China’s state-capitalist economy does not view its shale reserves the same way that companies in the U.S. do. It is the land of massive government subsidies, giving away so much money to “ strategically important” industries that about 30% of company profits come from government hand-outs, says Usha Haley, professor of management at West Virginia University and author of “Subsidies to Chinese Industry: State Capitalism, Business Strategy & Trade Policy.”

Should China meet its modest 2015 production goals, it has a long way to go to cut costs and drill more efficiently. It also has to solve transportation challenges.

Extraction is one problem; moving the gas is yet another.

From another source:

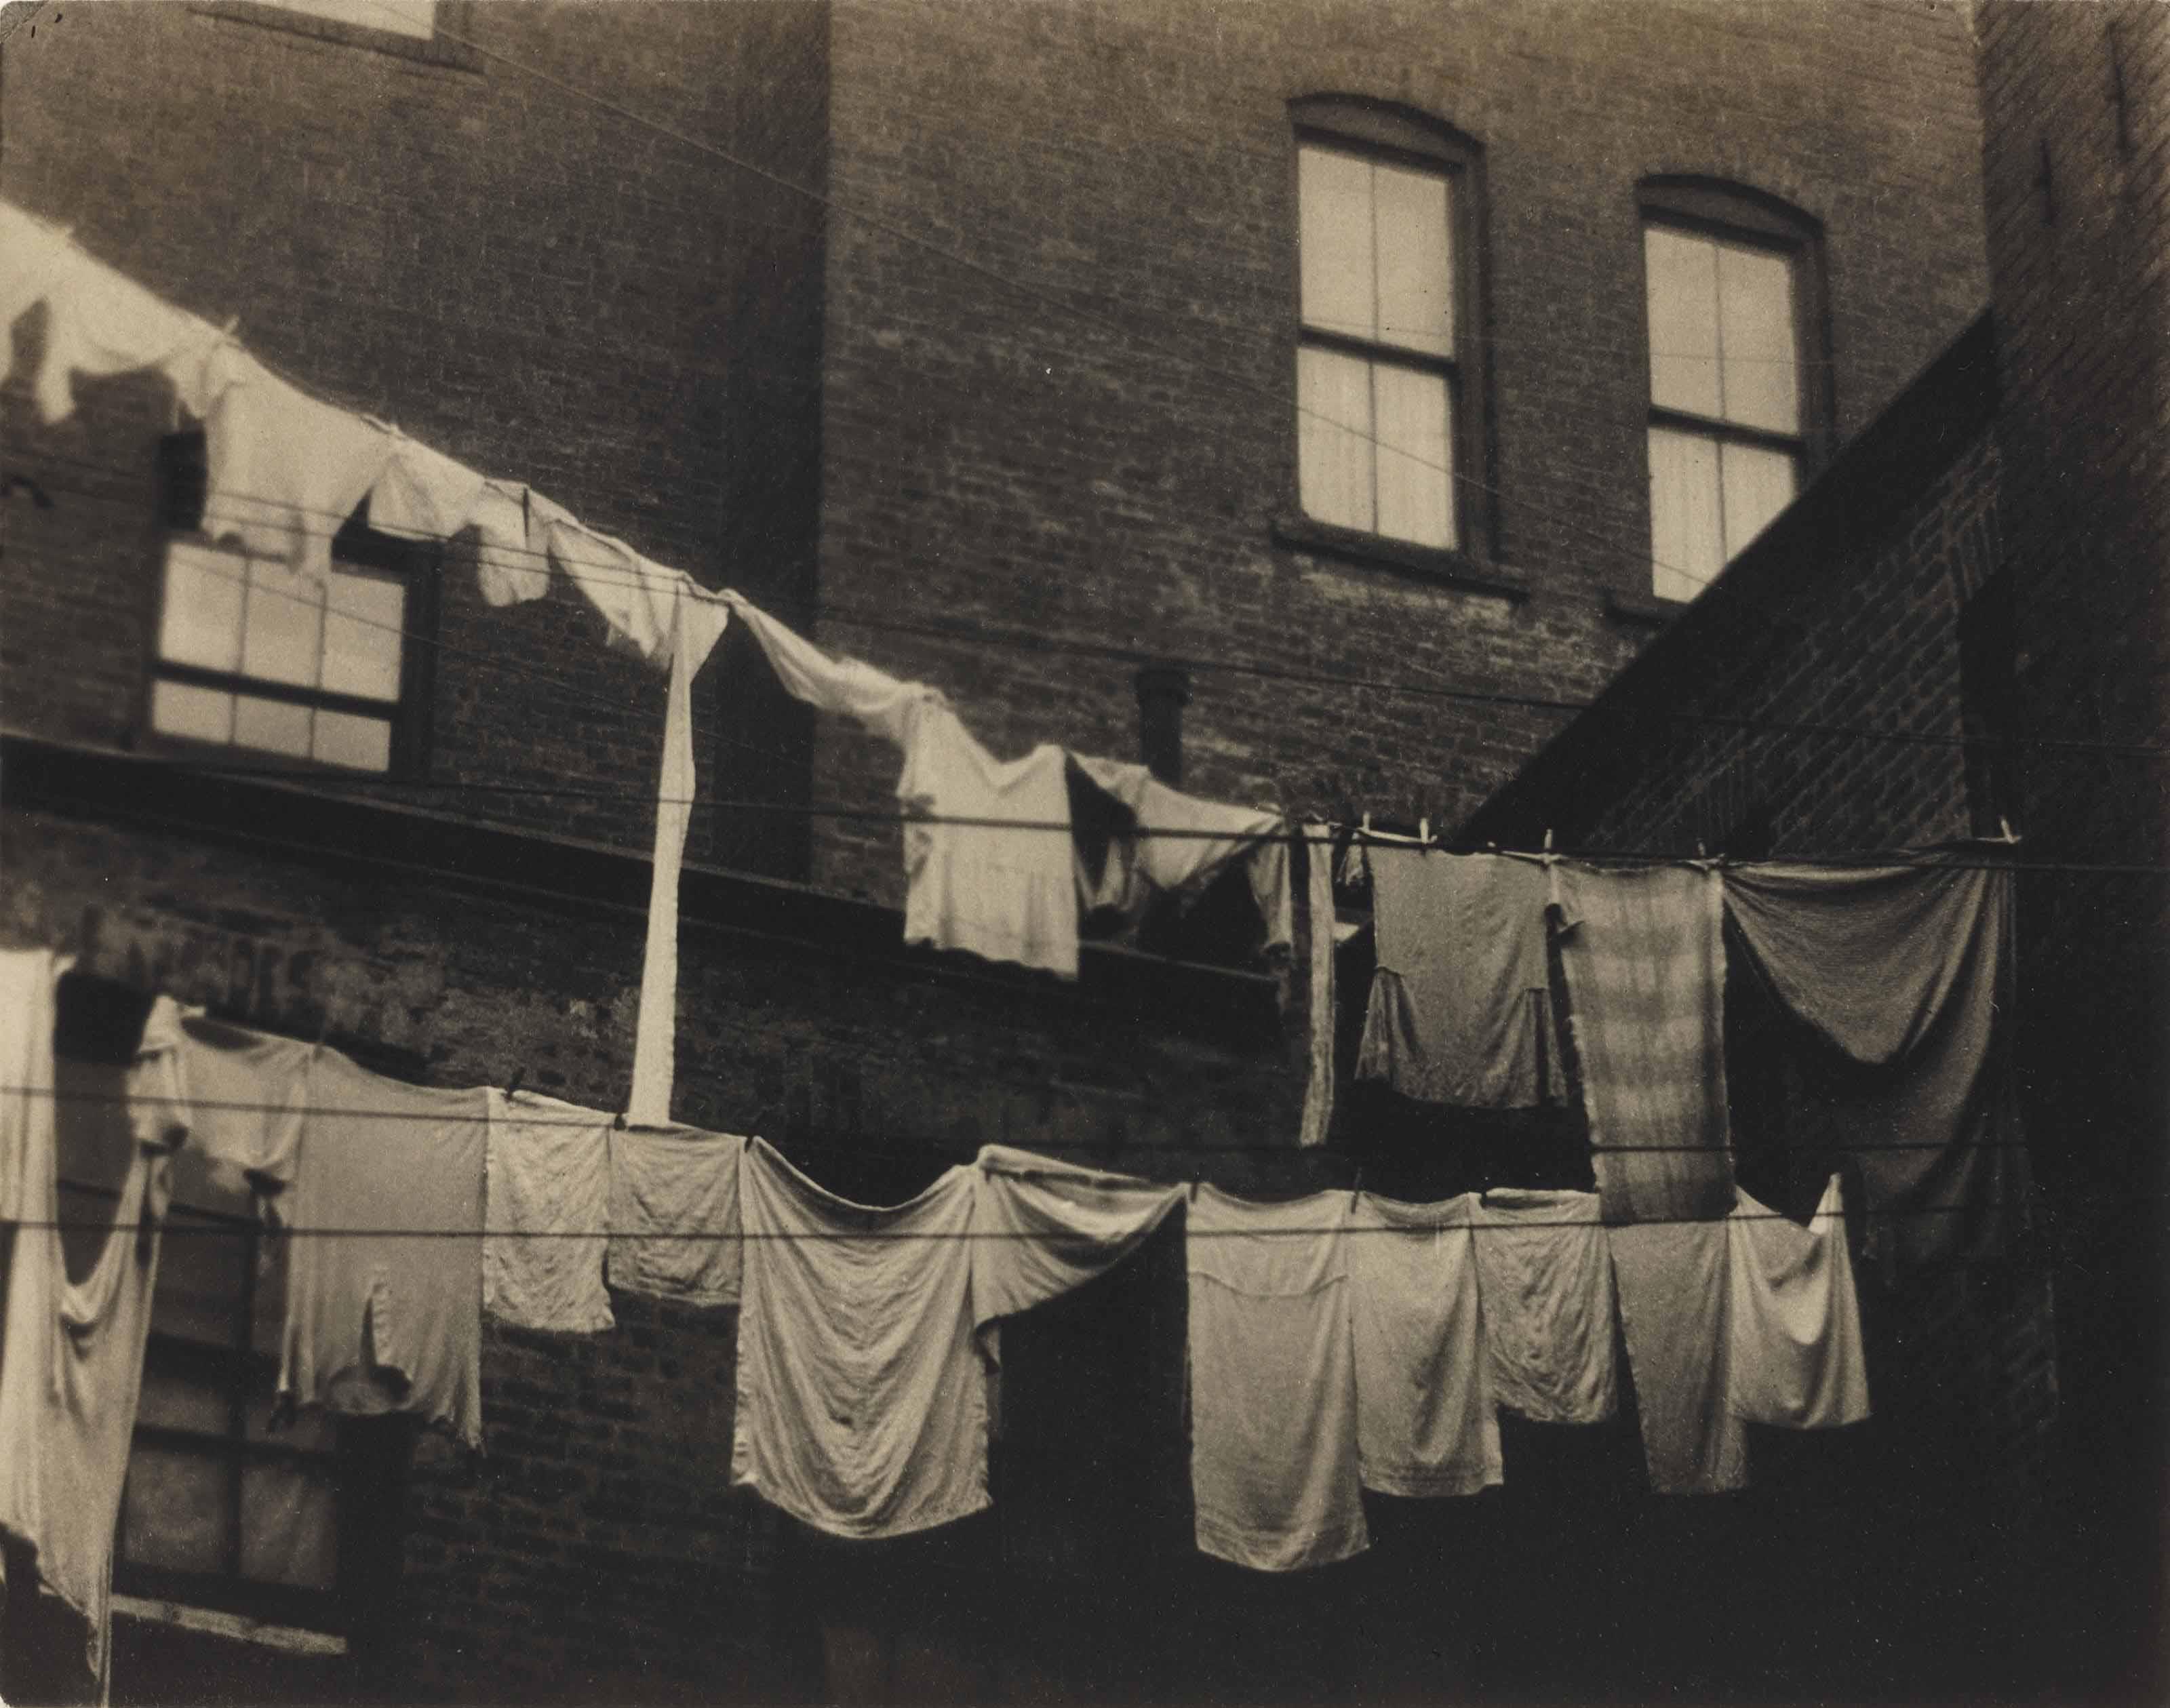 Clothesline, 1924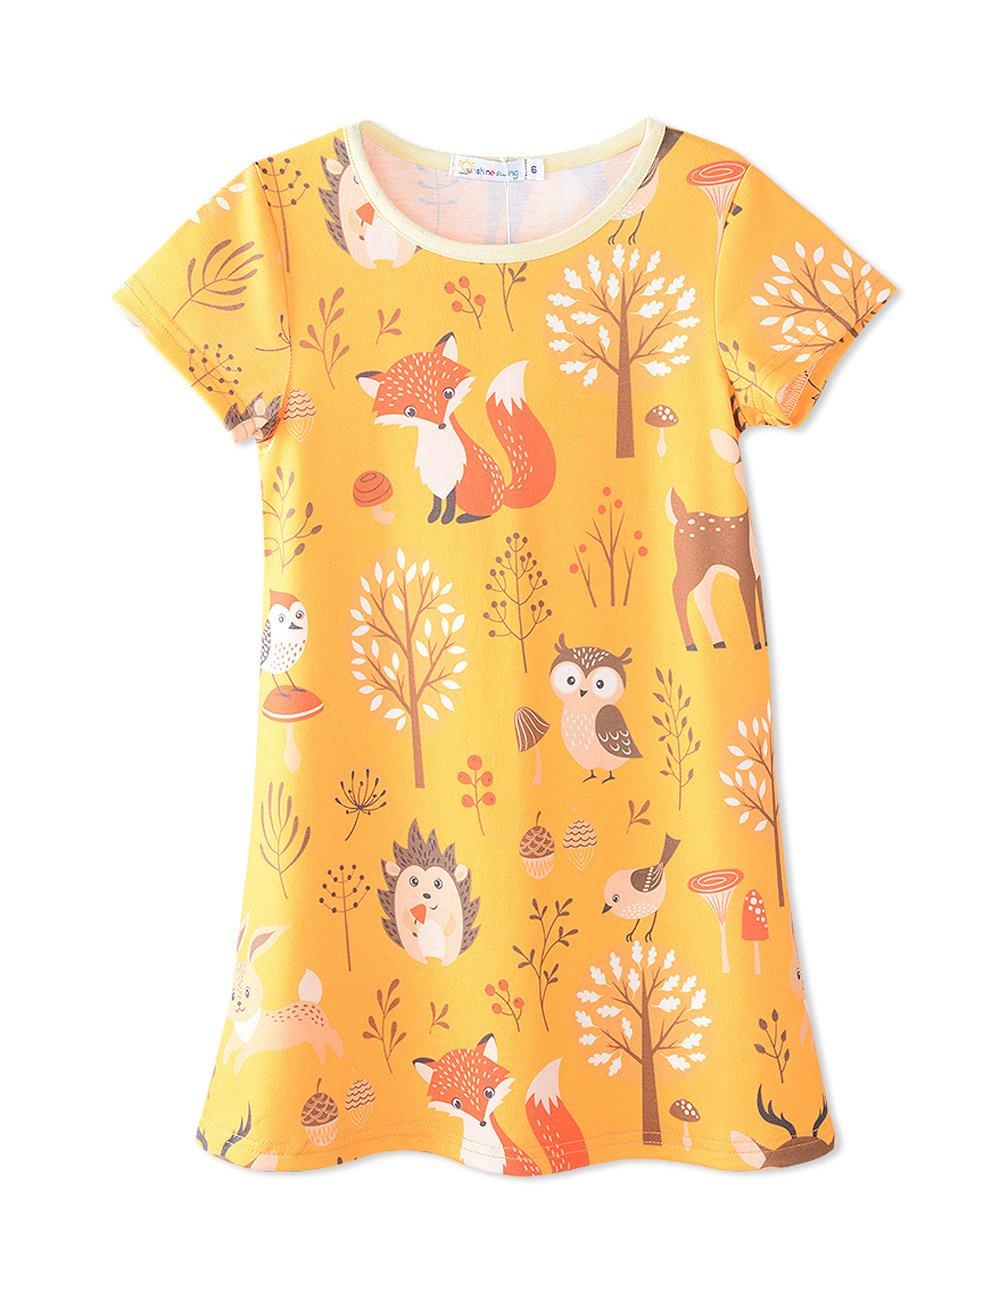 Sunshine Swing Girl's Kids Summer Round Neck Short Sleeve Fox Printed Cartoon Casual Tunic T-Shirt Dress 3T

As of March 2013, drilling 130 shale gas wells in China required an investment of $1.2 billion, Dingyu said. The top 10 wells produced roughly 3.5 million cubic feet per day (MMcf/d). The average Marcellus well produced about 6 MMcf/d in November, the EIA reported.

The United States is tied together by 2.4 million miles of natural gas pipeline. China has about 300,000 miles of pipeline, says McCurdy said.

“The Chinese have fewer constraints on permitting—permitting doesn’t seem to really stand in the way there,” he says. “However, they only have one pipeline company.”

The company is slow, bureaucratic and inefficient but “they can build infrastructure, and when they decide they’re going to do it, they do it,” he added.

So when will they decided? In China, Sinopec, PetroChina and others are better understood as government bureaucracies than companies, Haley said.

“Their motivations are not profits,” Haley says. “Their motivations are to grow as big as possible and to dominate the industry.”

Although shale development has sparked large amounts of Chinese investment in the U.S., primarily to acquire cutting-edge technology and top-tier energy resources, those opportunities likely won’t be reciprocated for U.S. investors any time soon, Haley says.

China “does not want foreign companies dominating domestic exploitation of shale if it can be helped and so that will not happen within five years. Currently, Western companies offer technology and sell equipment, but the Chinese control their shale.”

However, the government has pledged to allow markets to play “a decisive role in allocating resources” which West believe will be key to making China's tight-gas and shale-gas opportunity into a major reality.